### INFORMATION SUPPLIED
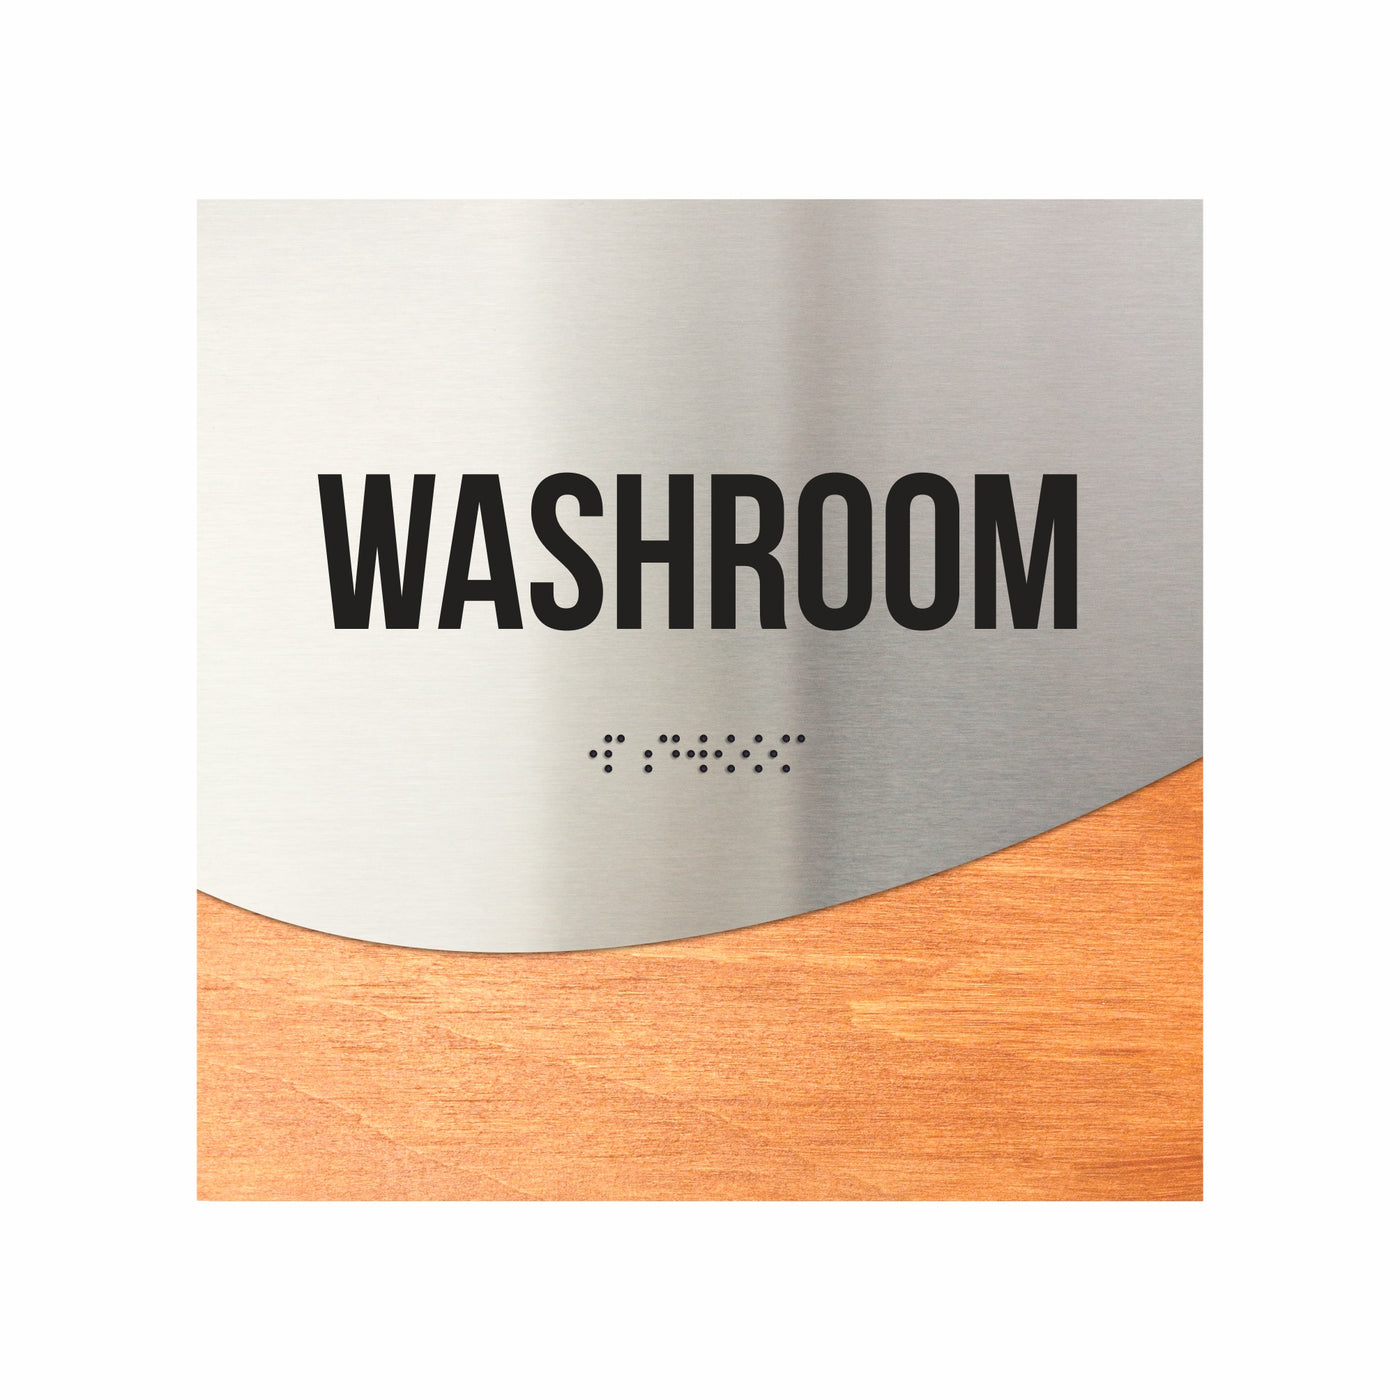 Washroom Door Sign - Stainless Steel & Wood Door Plate "Jure" Design
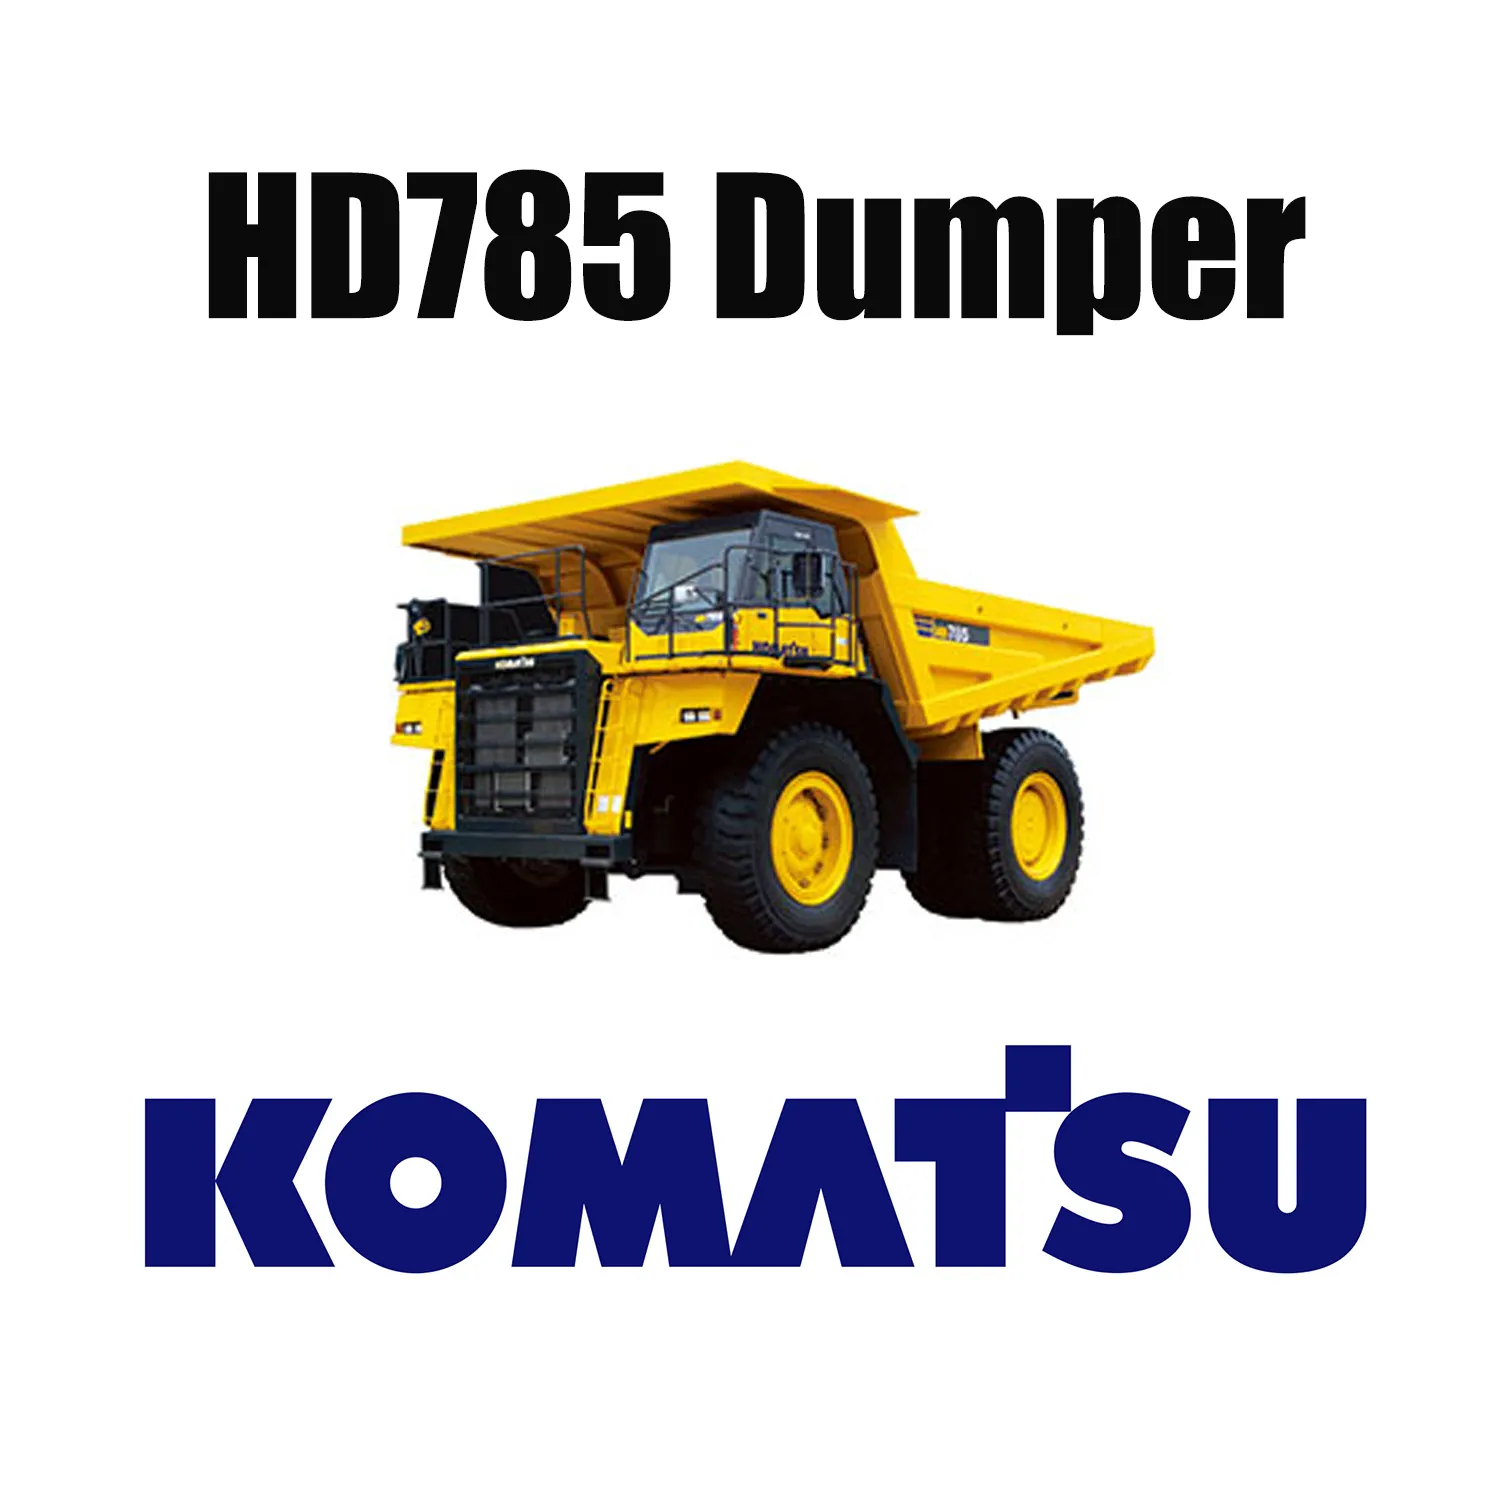 Wytrzymałe opony specjalistyczne OTR dla górnictwa 27.00R49 do wywrotki KOMATSU HD785
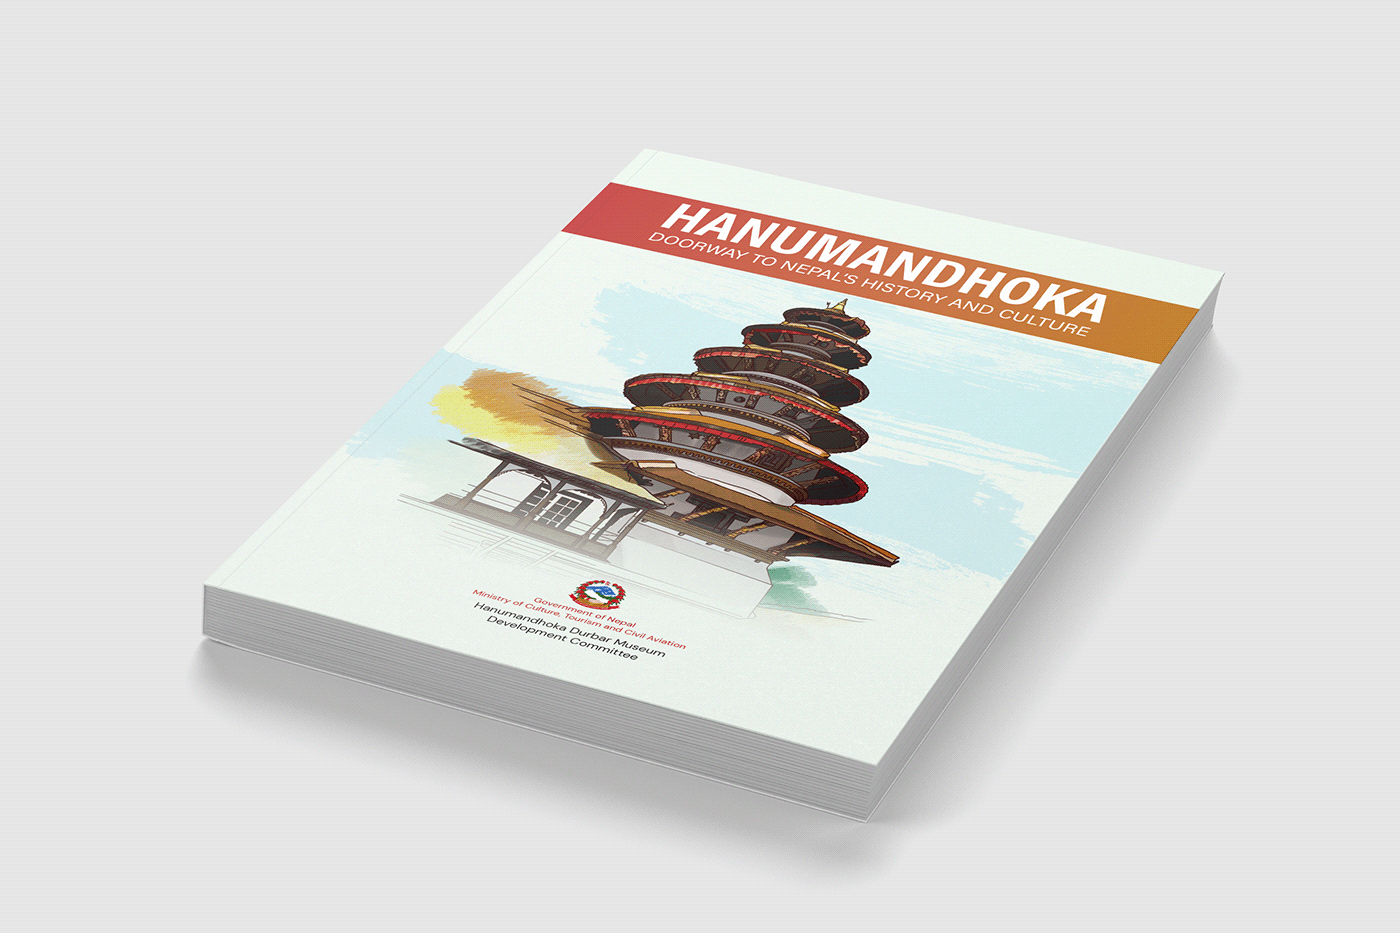 book book design booklet design Cultural Book culture Design and Layout Hanumandhoka History and culture Nepal Book Nepali Book

### WHAT TO PRODUCE
Copy all of the data word for word, and keep the pictures out of it.

### YOUR RESPONSE
 Washroom Door Sign - Stainless Steel & Wood Door Plate "Jure" Design
 Wytrzymałe opony specjalistyczne OTR dla górnictwa 27.00R49 do wywrotki KOMATSU HD785
 book book design booklet design Cultural Book culture Design and Layout Hanumandhoka History and culture Nepal Book Nepali Book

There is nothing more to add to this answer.